Dataset excerpt
━━━━━━━━━━━━━━━━━━━━

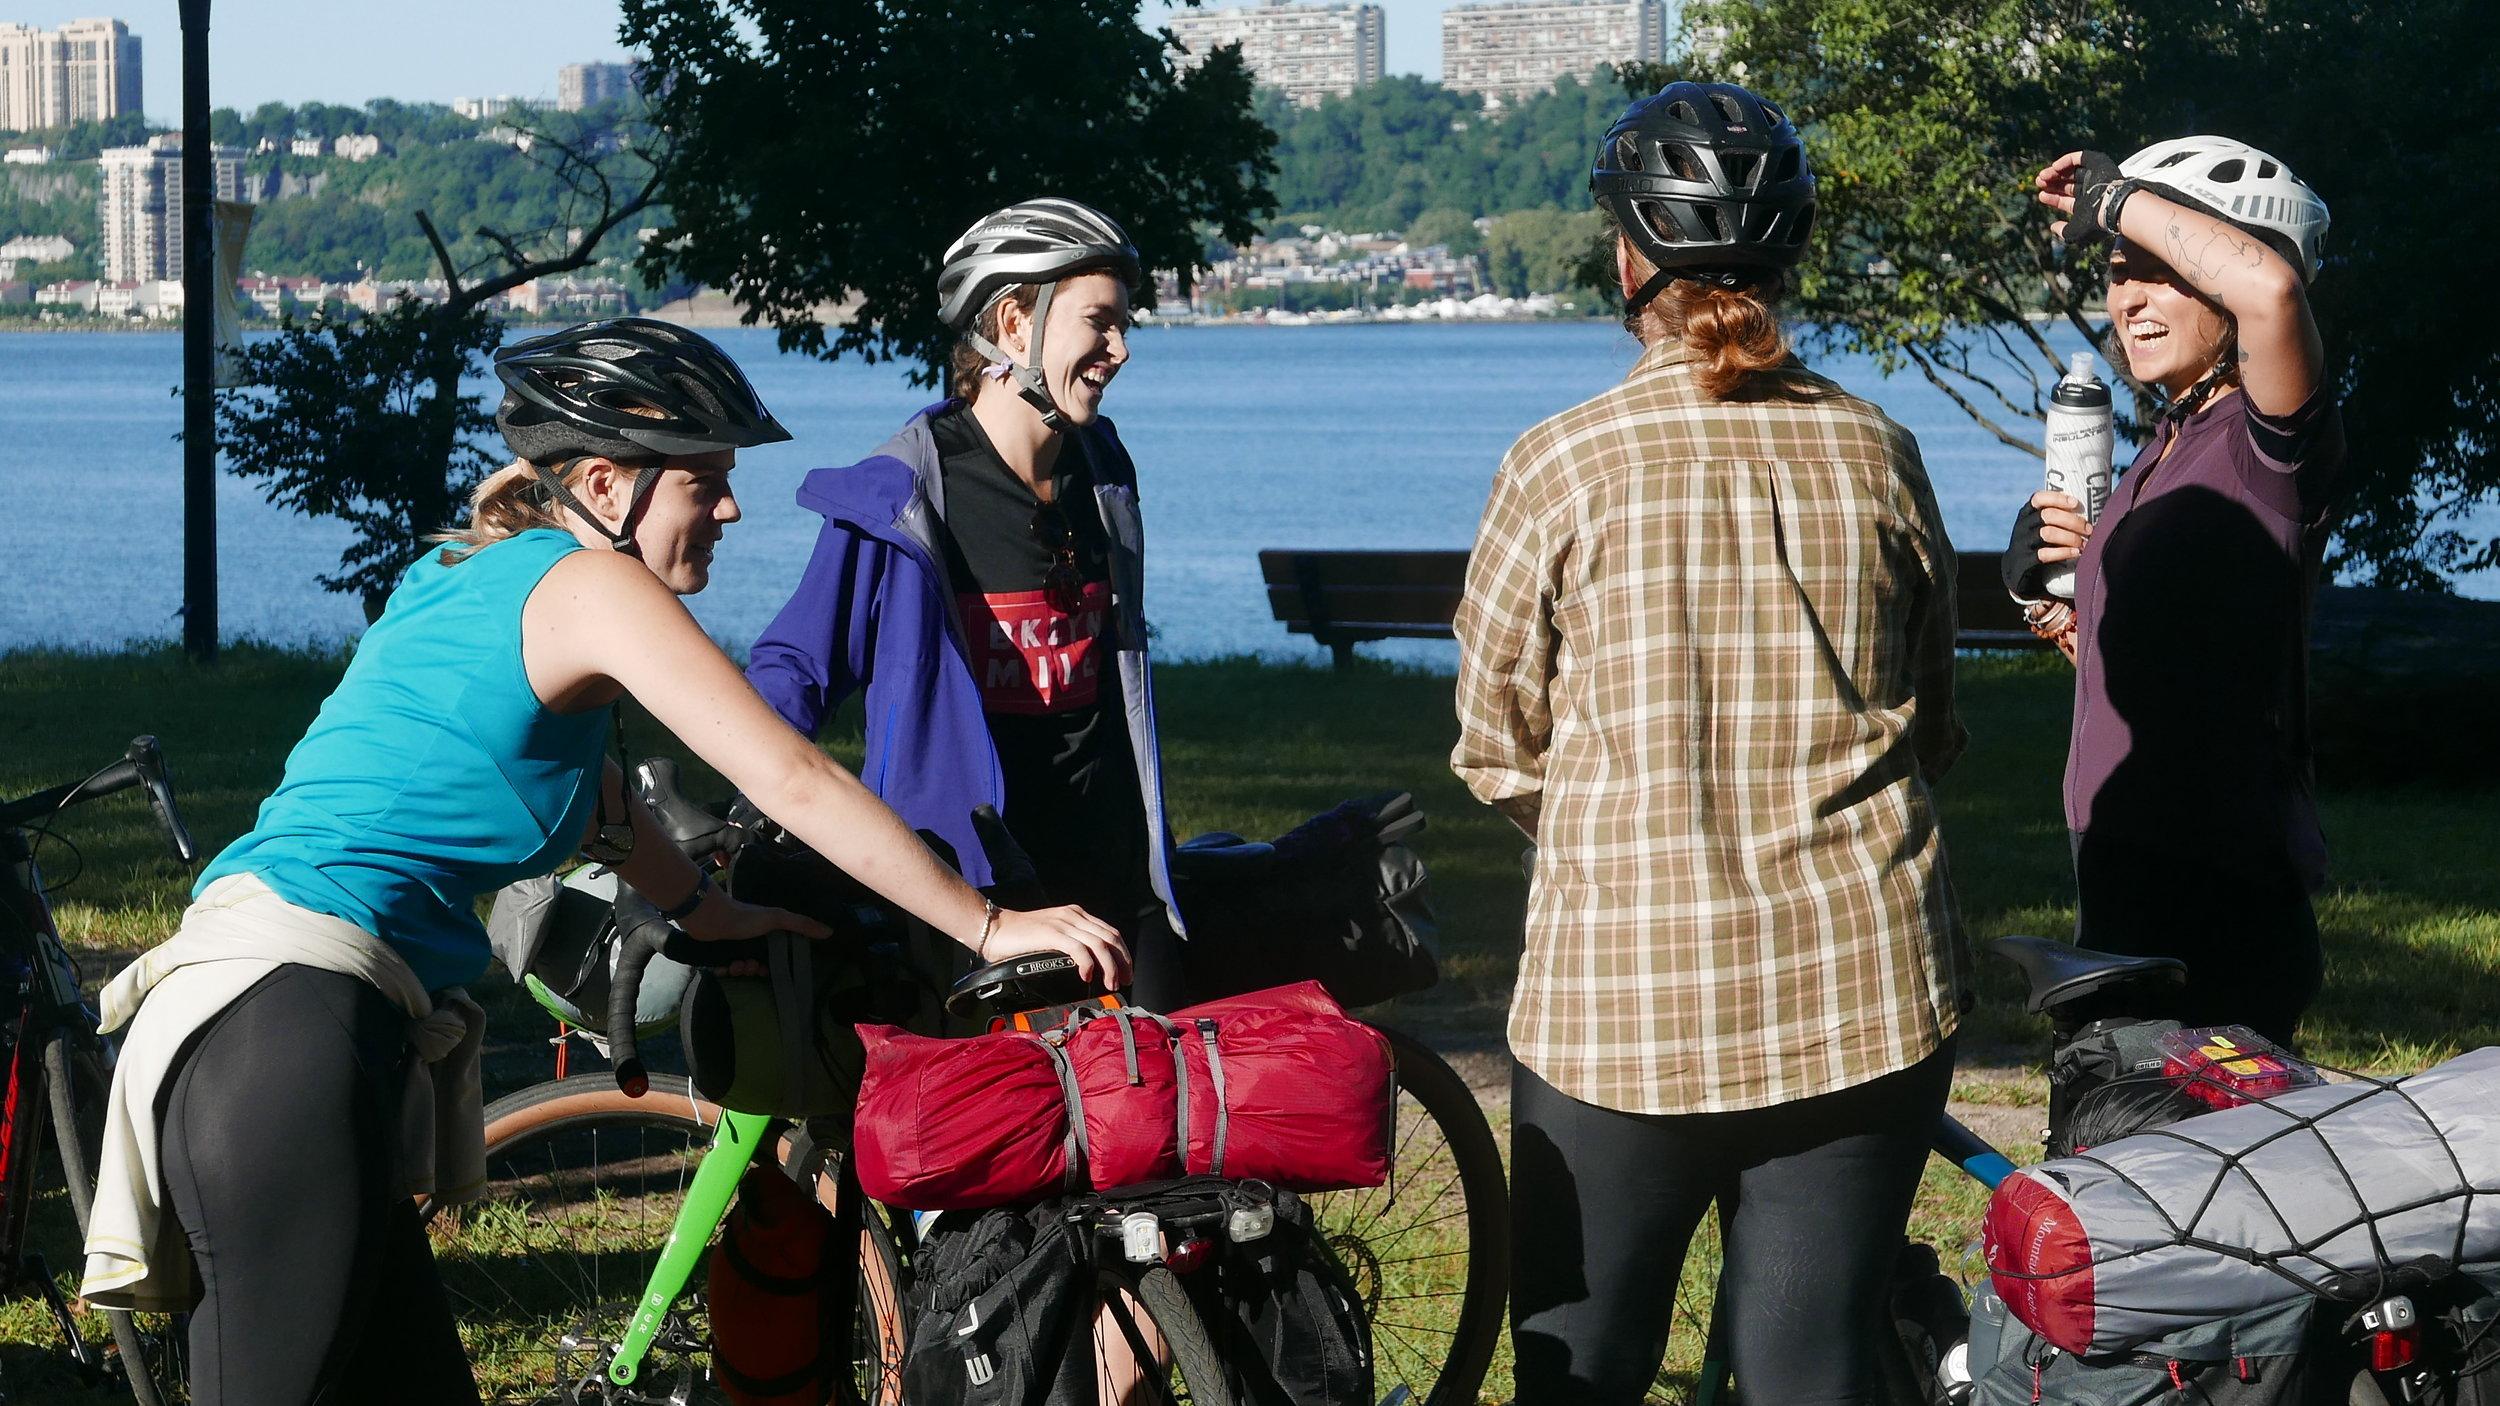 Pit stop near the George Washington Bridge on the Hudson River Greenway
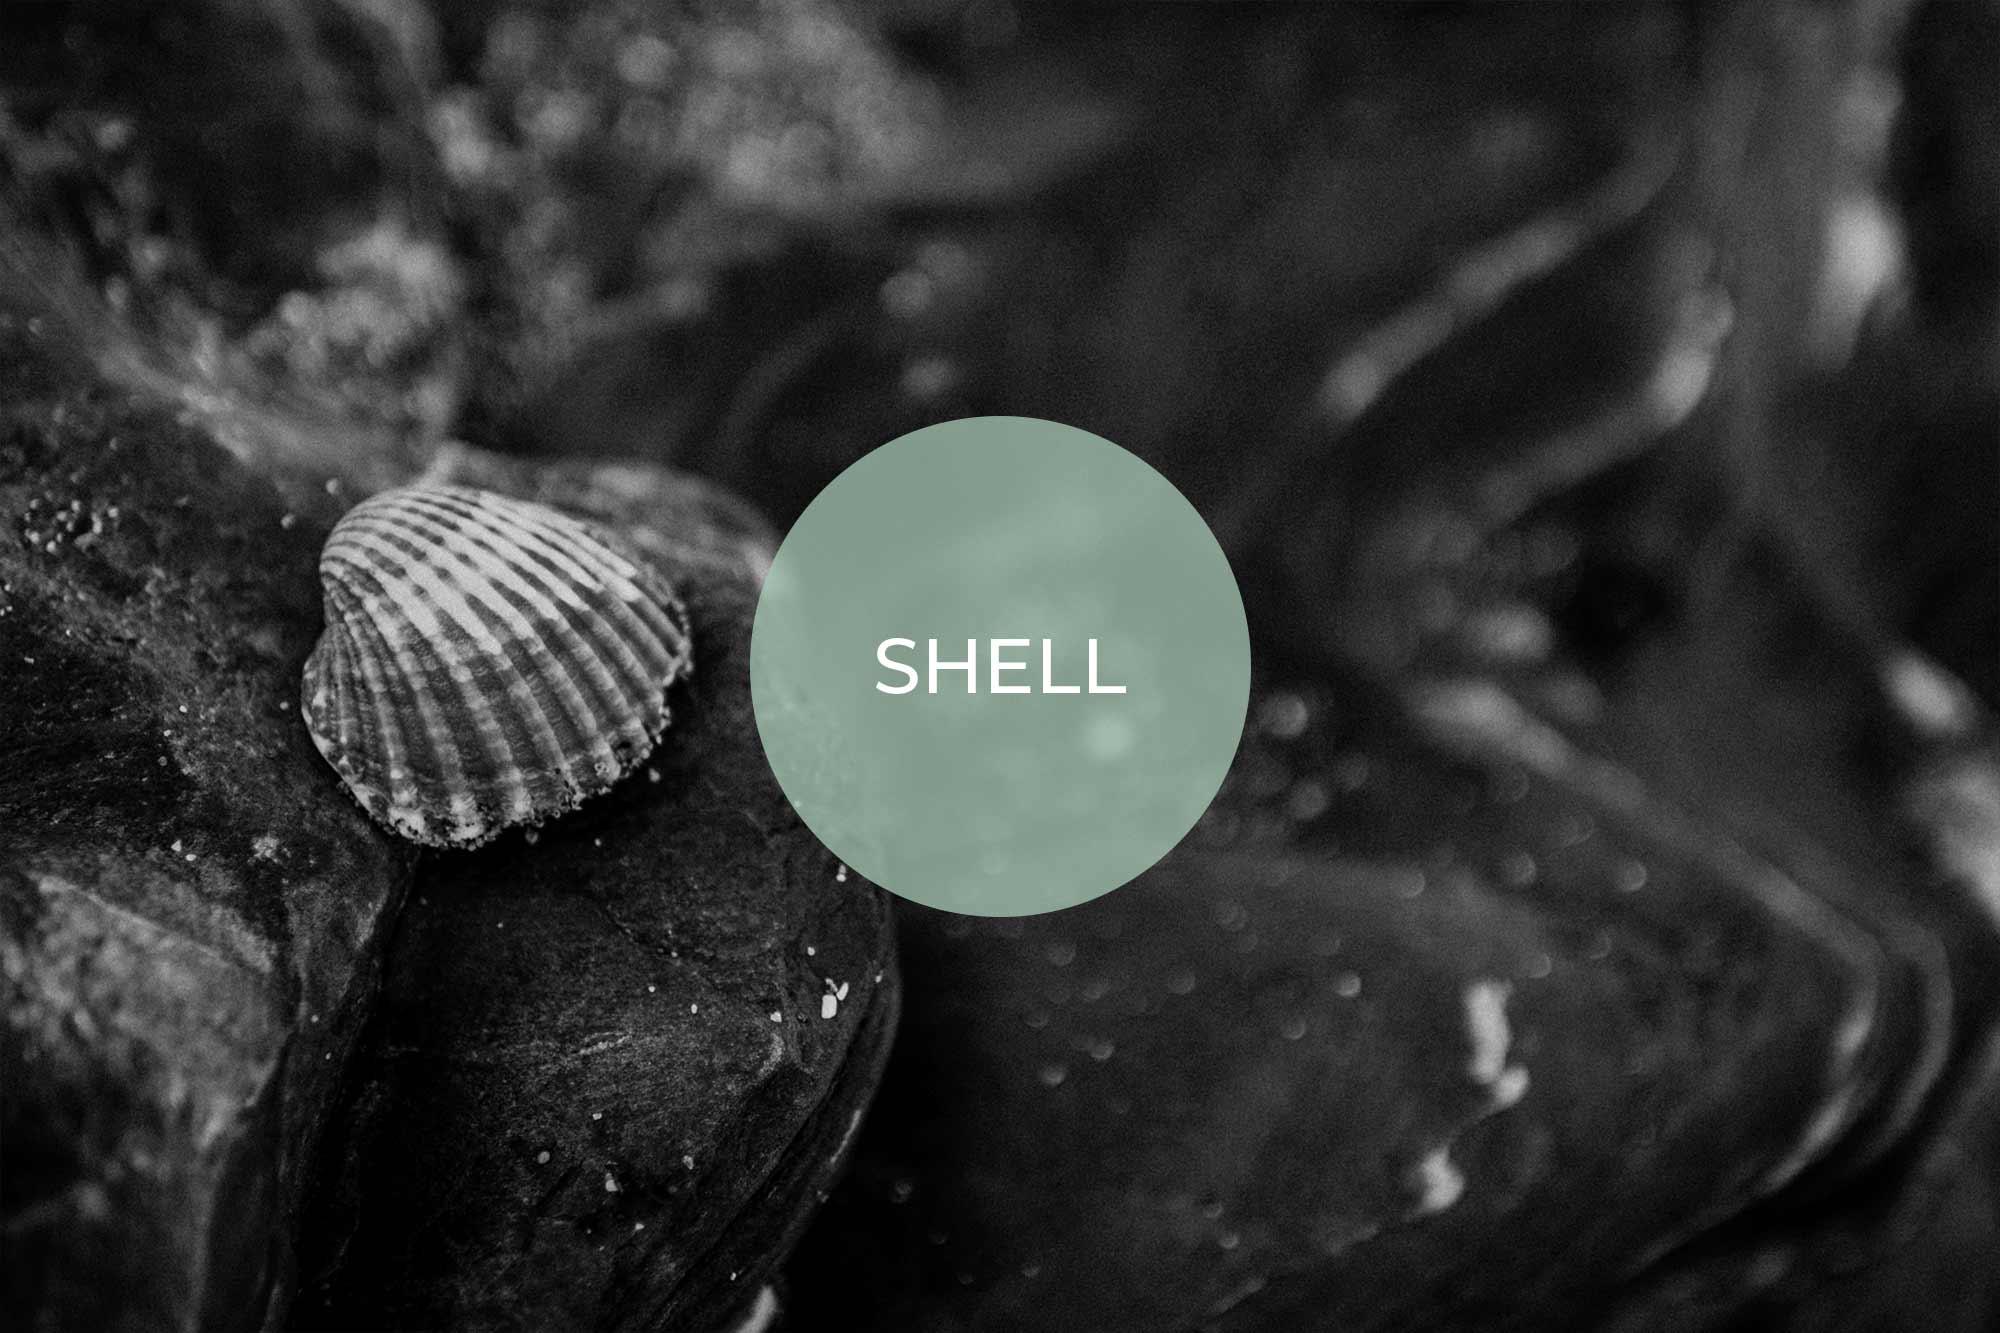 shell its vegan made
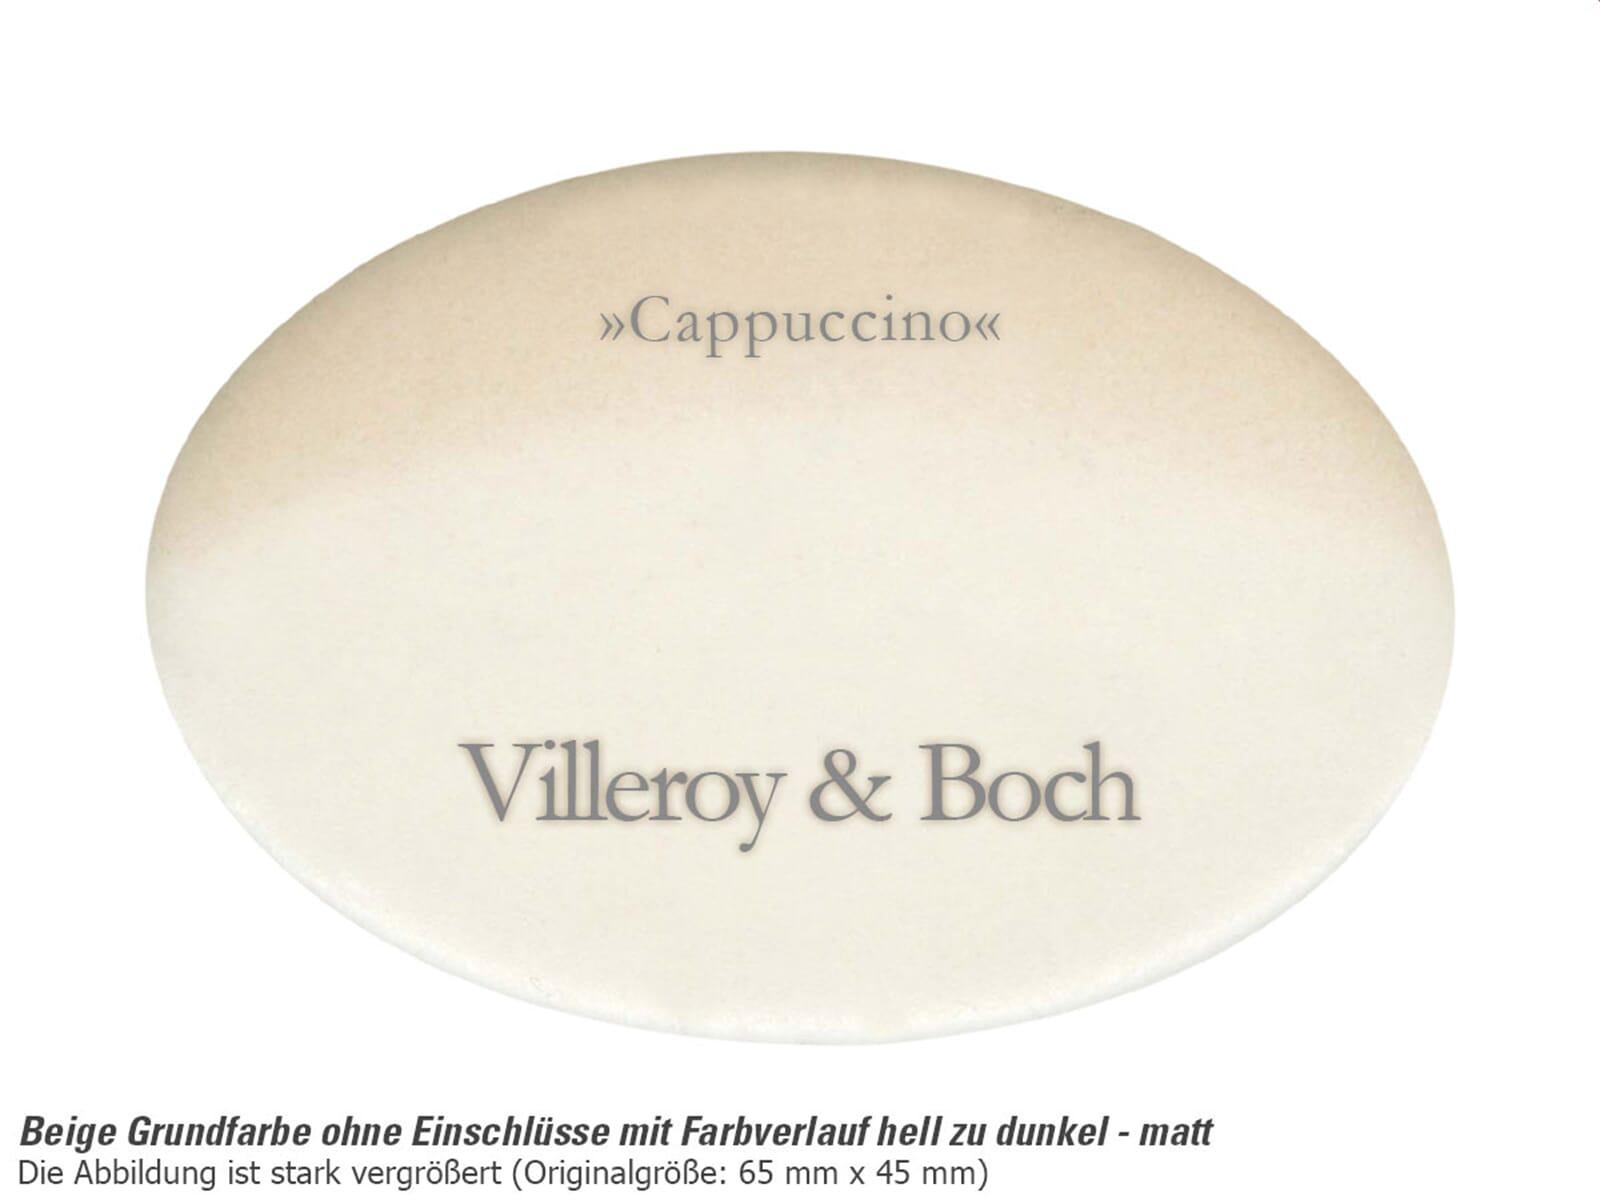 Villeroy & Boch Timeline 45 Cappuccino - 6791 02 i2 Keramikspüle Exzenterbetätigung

━━━━━━━━━━━━━━━━━━━━

Task description
No pictures go in the copy. Output exactly the lines from the line containing "shell its vegan made" through the end of the listing above.

Reply
 shell its vegan made
 Villeroy & Boch Timeline 45 Cappuccino - 6791 02 i2 Keramikspüle Exzenterbetätigung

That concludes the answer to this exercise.